By Roy Ramos
ZAMBOANGA CITY
Teams of sniffer dogs arrived Tuesday in a southern Philippine province known as an al-Qaeda-linked militant group’s stronghold in search of two abducted German tourists.
Captain Maria Rowena Muyuela, regional military spokesperson, said ten K9 teams - including tracker and explosive detection dogs – were sent to Sulu province to support ongoing operations to rescue the Abu Sayyaf’s victims.
The couple disappeared in waters off Palawan Island on April 25 while sailing to Malaysia for a holiday, and were reported missing after Filipino fishermen spotted their empty yacht.
Earlier this month, the Abu Sayyaf threatened to behead one of them October 10 – later extending the deadline to October 17 - unless a P250-million ($5.62-million) ransom is paid and Germany stops supporting a U.S.-led campaign against the Islamic State in Iraq and the Levant (ISIL).
"Intensified law enforcement operations in coordination with the local government and the police are ongoing to facilitate the rescue of kidnap victims and expedite the arrest of Abu Sayyaf kidnappers," Muyuela said Tuesday.
Lt. Col. Harold Cabunoc, military public affairs chief in Manila, said the military supports the government’s position of not negotiating with “terrorists” but will work closely with a local crisis management committee in Sulu that is tasked with facilitating the necessary moves for the German tourists’ release.
“We have to put pressure all the time. We must be the one dictating the tempo,” he said in expressing his belief that the move would not endanger the hostages’ lives.
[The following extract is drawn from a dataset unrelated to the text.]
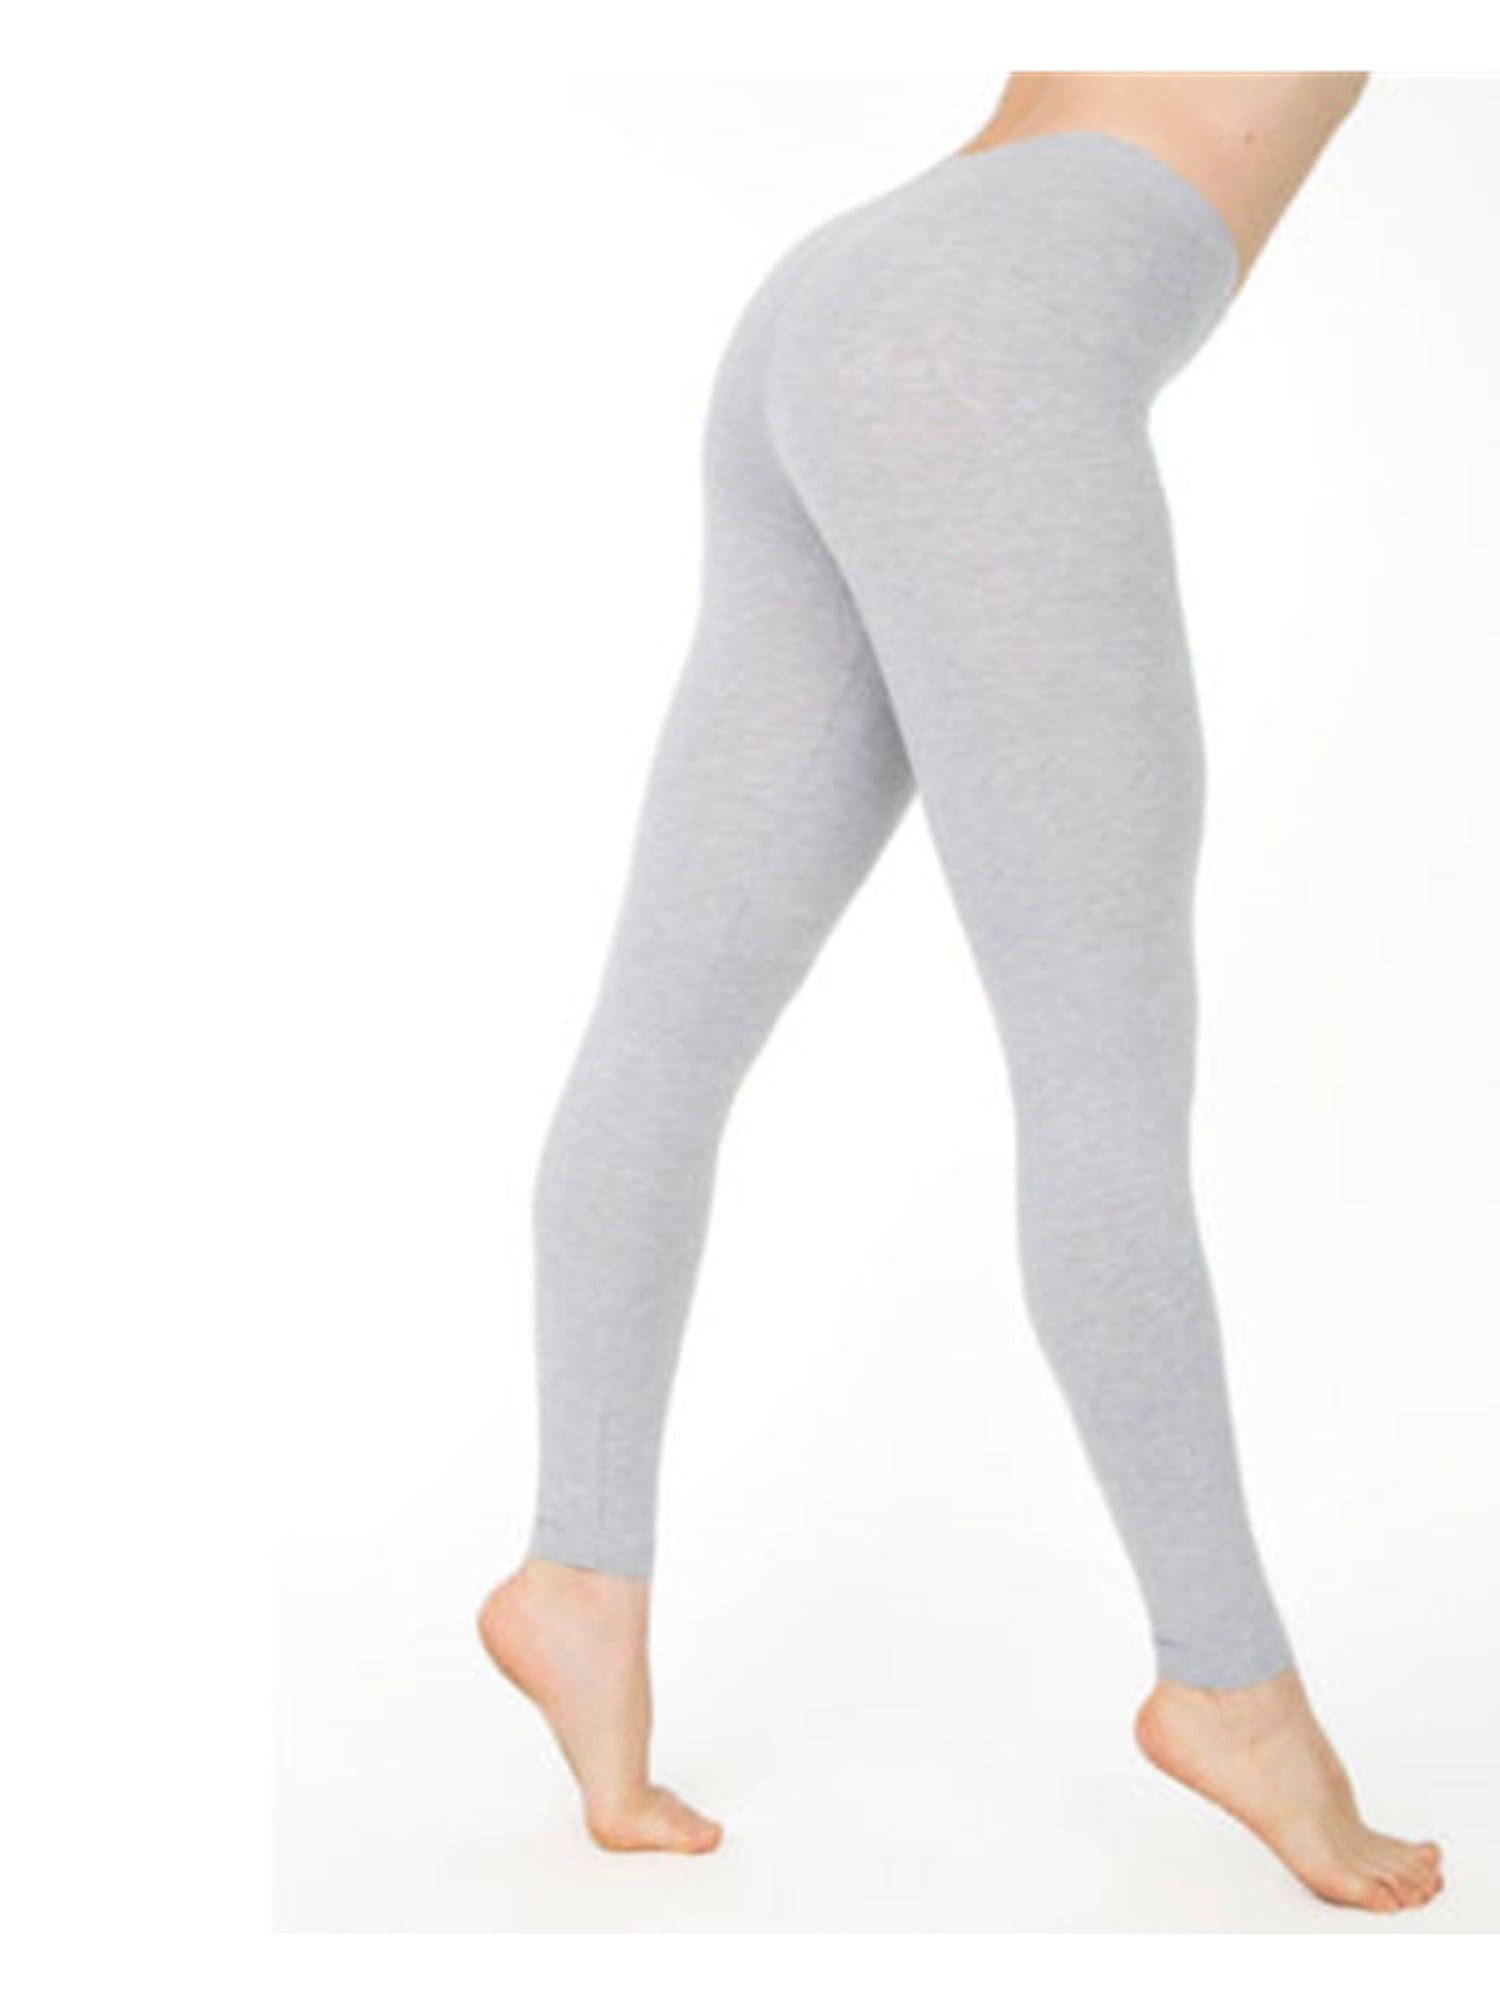 Women Leggings Yoga Pants Gym High Waist Stretch Fitness Sports Trousers Jogging

Cabunoc explained that the same strategy had been used in 2000 to release 13 members of the Jesus Miracle Crusade Pentecostal group who had been held captive for over three months, after showing up at an Abu Sayyaf lair in Sulu that July to pray for hostages who had been seized from a dive resort in Malaysia’s Sipadan island three months earlier.
“The troops of the 59th Infantry Battalion and the Light Reaction Battalion, including Scout Rangers and Special Forces, were deployed in order to put pressure on them and this particular action led to the release of the hostages without any firefight and we want to put this scenario today,” he said.
He added that troops and tracking dogs would help in accurately tracking the abductors’ movements and containing them in a smaller area.
Defense Secretary Voltaire Gazmin announced in late September that army troops would be dispatched to Sulu to help marines to “stop the Abu Sayyaf once and for all,” underlining that the Philippines would not negotiate with the Abu Sayyaf over its ransom demands.
Since 1991, the Abu Sayyaf -- armed with mostly improvised explosive devices, mortars and automatic rifles has carried out bombings, kidnappings, assassinations and extortions in a self-determined fight for an independent Islamic province in the Philippines.
It is notorious for beheading victims after ransoms have failed to be paid for their release.
ISIL has captured large swathes of land in Iraq and Syria, later declaring the territories under its control an Islamic "caliphate." The U.S. and its Arab allies began bombing ISIL targets inside Syria in late September, after conducting airstrikes in Iraq since August.